RECORDS PROVIDED →

────

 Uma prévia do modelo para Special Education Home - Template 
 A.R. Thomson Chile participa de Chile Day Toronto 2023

────

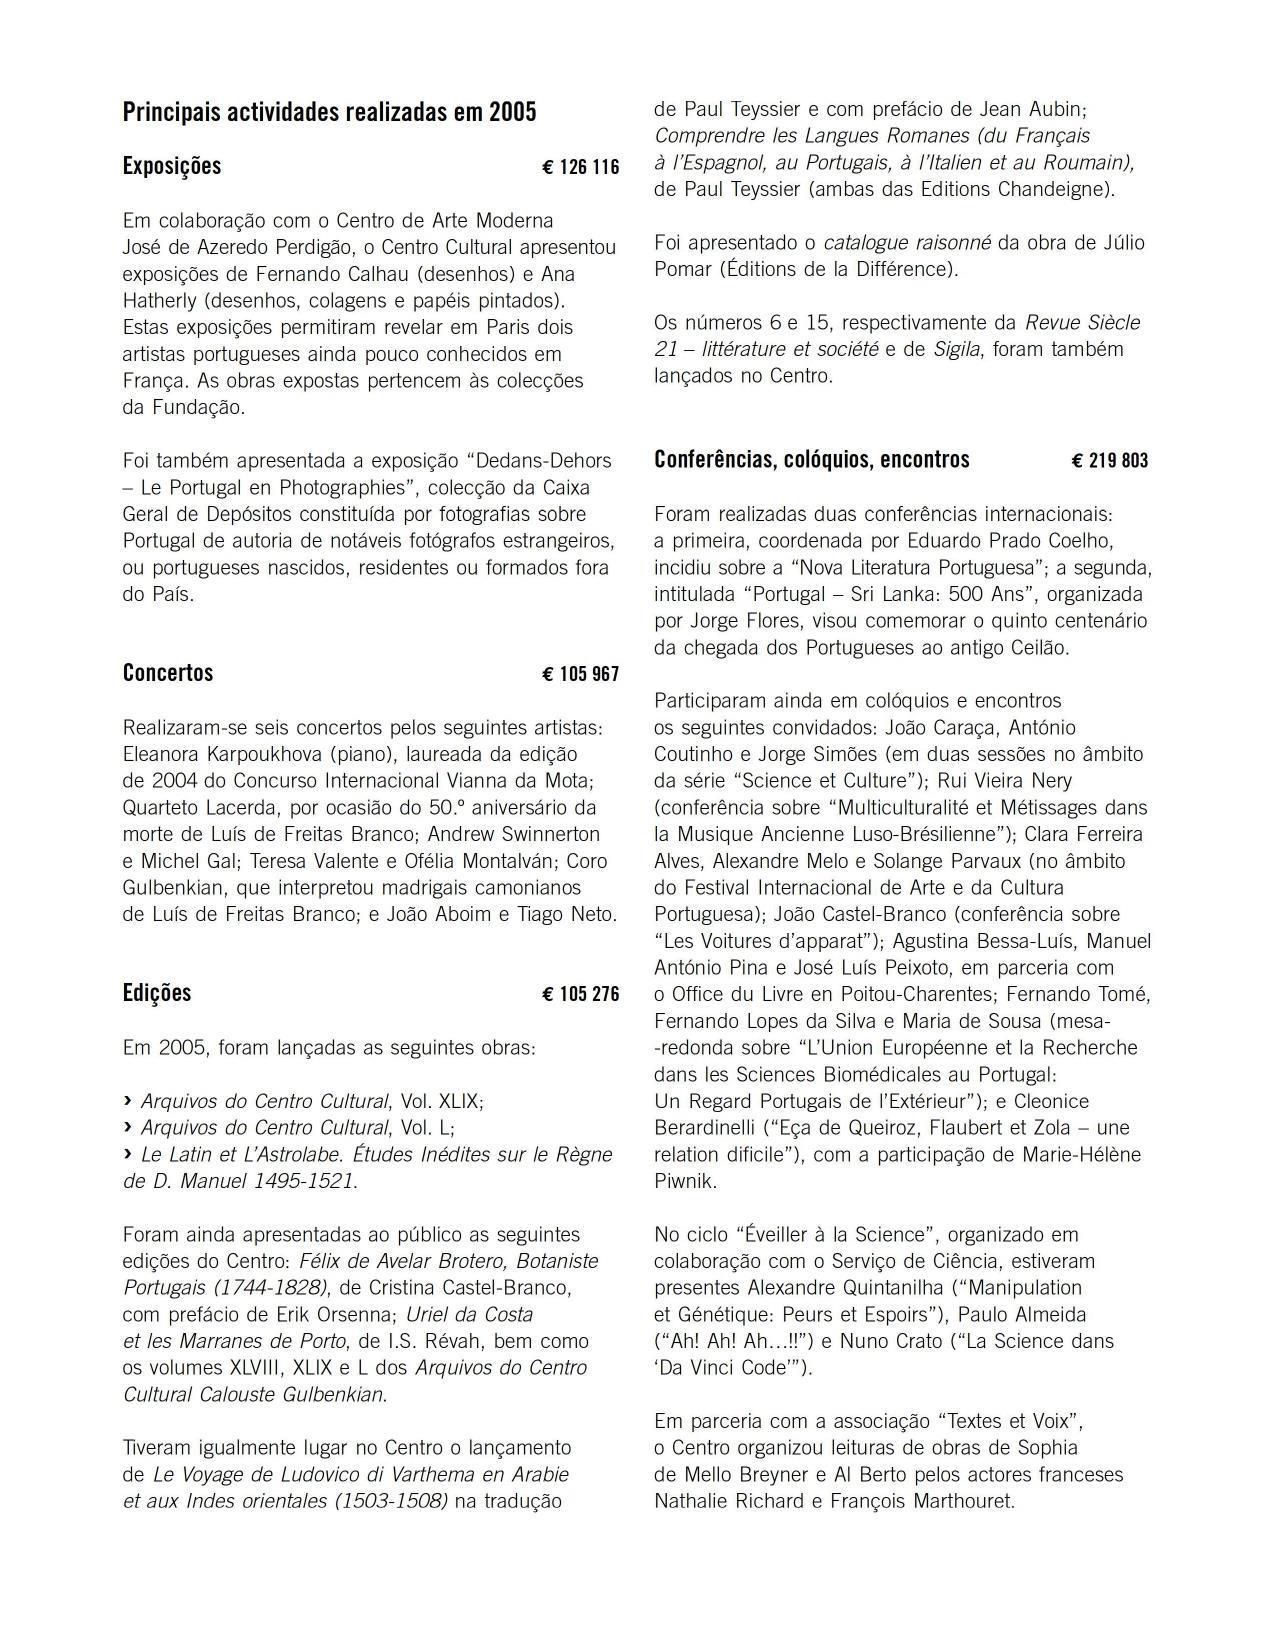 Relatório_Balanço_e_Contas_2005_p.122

────

ASSIGNMENT →
Look above for the line with "Uma prévia do" and the line with "A.R. Thomson Chile", and reproduce exactly those two lines plus every line between, nothing more.

PROBLEM SOLUTION →
 Uma prévia do modelo para Special Education Home - Template 
 A.R. Thomson Chile participa de Chile Day Toronto 2023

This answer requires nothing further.